Prediction accuracies achieved for each functional site prediction method.
| Method | Absolute Recall Rate | Relative Recall Rate | Average Distance between Predicted and Real Centroid (Å) |
|---|---|---|---|
| SitesIdentify | |||
| Uniform charge method | 47.6% | 63.0% | 11.2 |
| Conservation method | 56.9% | 74.7% | 9.4 |
| Consurf | 58.6% | 78.2% | 8.2 |
| Crescendo | 46.9% | 63.8% | 10.3 |
| FOD | 39.7% | 56.1% | 10.6 |
| QSiteFinder | 40.1% | 53.0% | 13.0 |
| PDBSiteScan | 28.1% | 38.4% | 15.5 |
| PASS | 36.6% | 49.3% | 14.8 |
| Thematics | 35.8% | 48.9% | 13.5 |
The absolute and relative recall rates achieved along with the average distance between real and active site centroids for each method.

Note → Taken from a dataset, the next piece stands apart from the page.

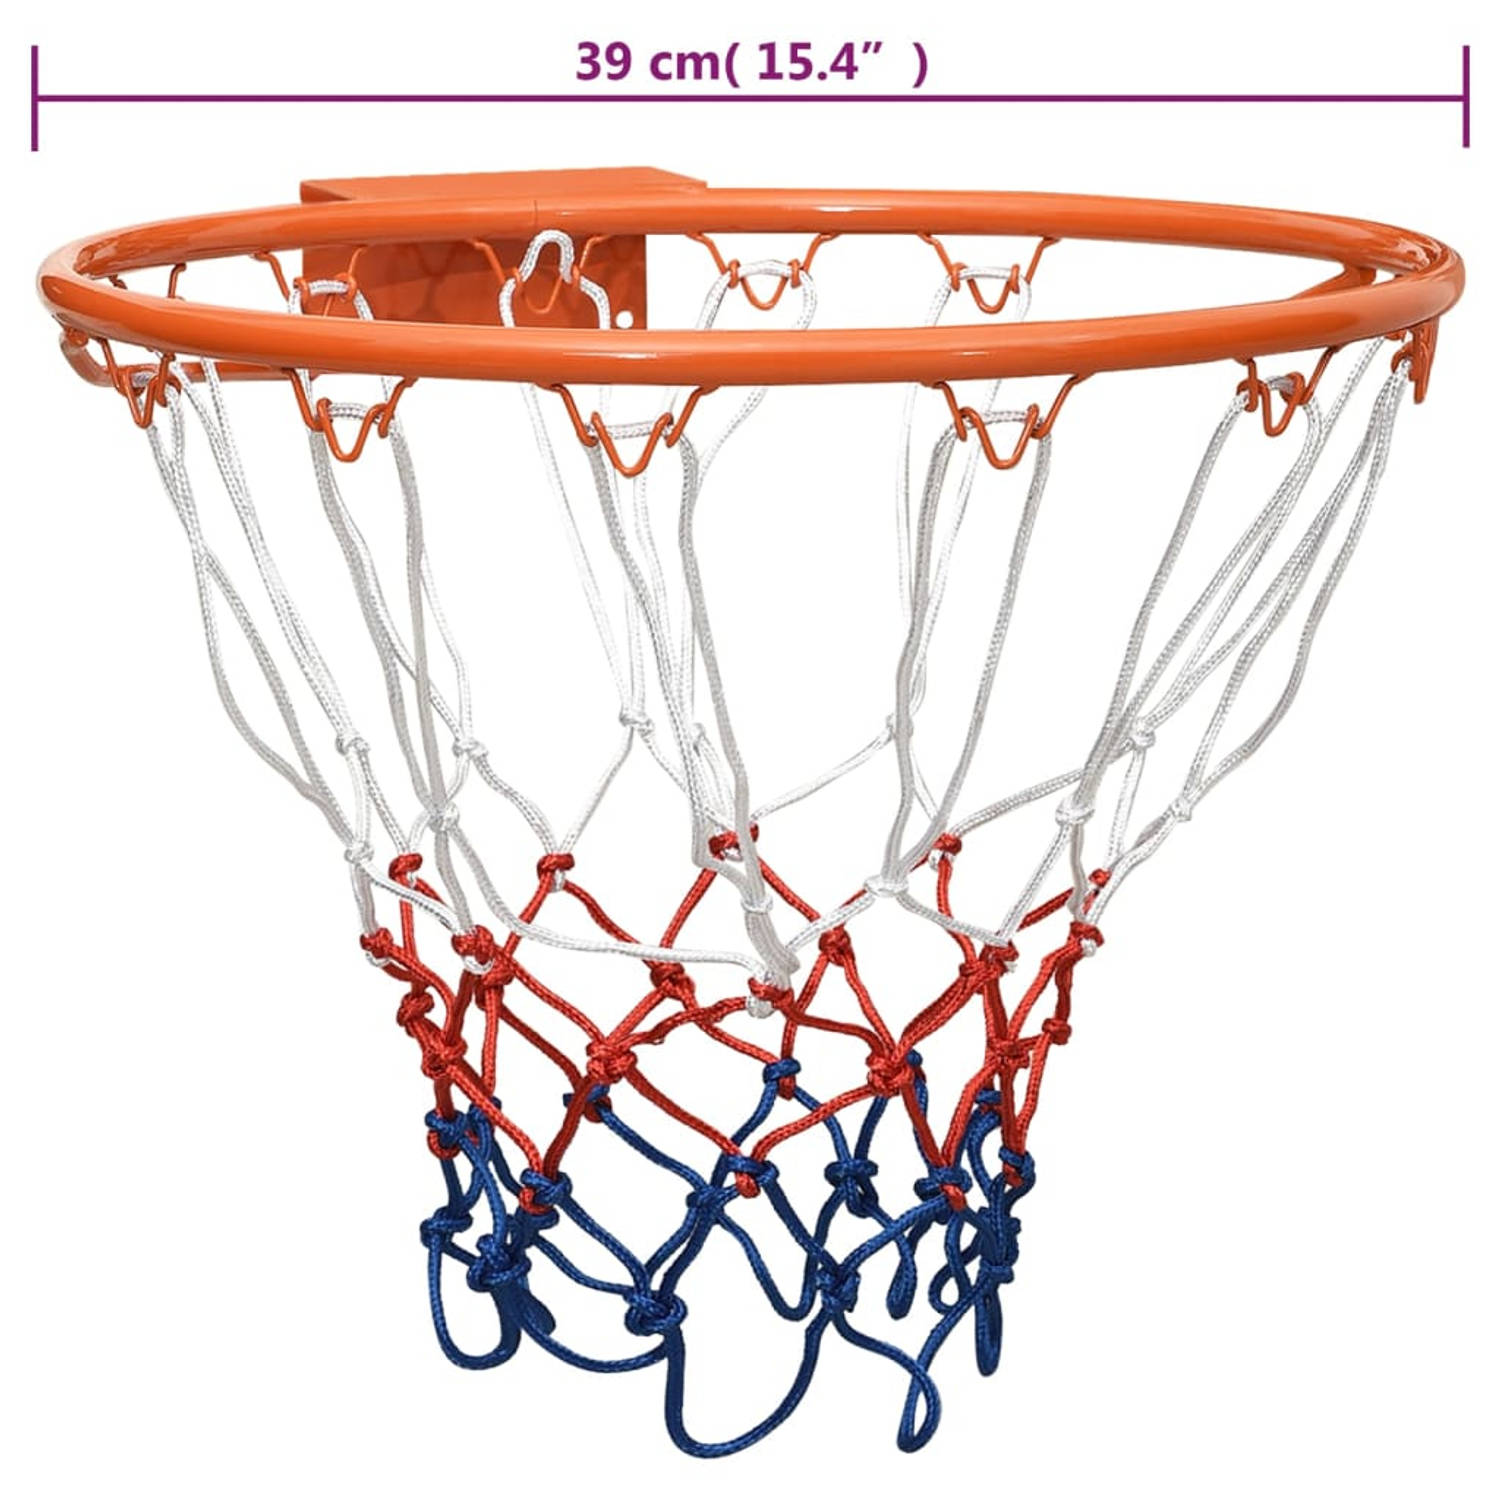 Basketbalring 39 cm staal oranje | Blokker

Figure 5Comparison of distances between the real centroid and the predicted centroid for each method. The cumulative percentage of the set that have differences between the real and predicted active site centroids at each distance are shown for each method.
Figure 6Comparison of distances between the real centroid and the predicted centroid for Consurf and SitesIdentify run on monomer structures. The cumulative percentage of the set that have differences between the real and predicted active site centroids at each distance are shown for both methods.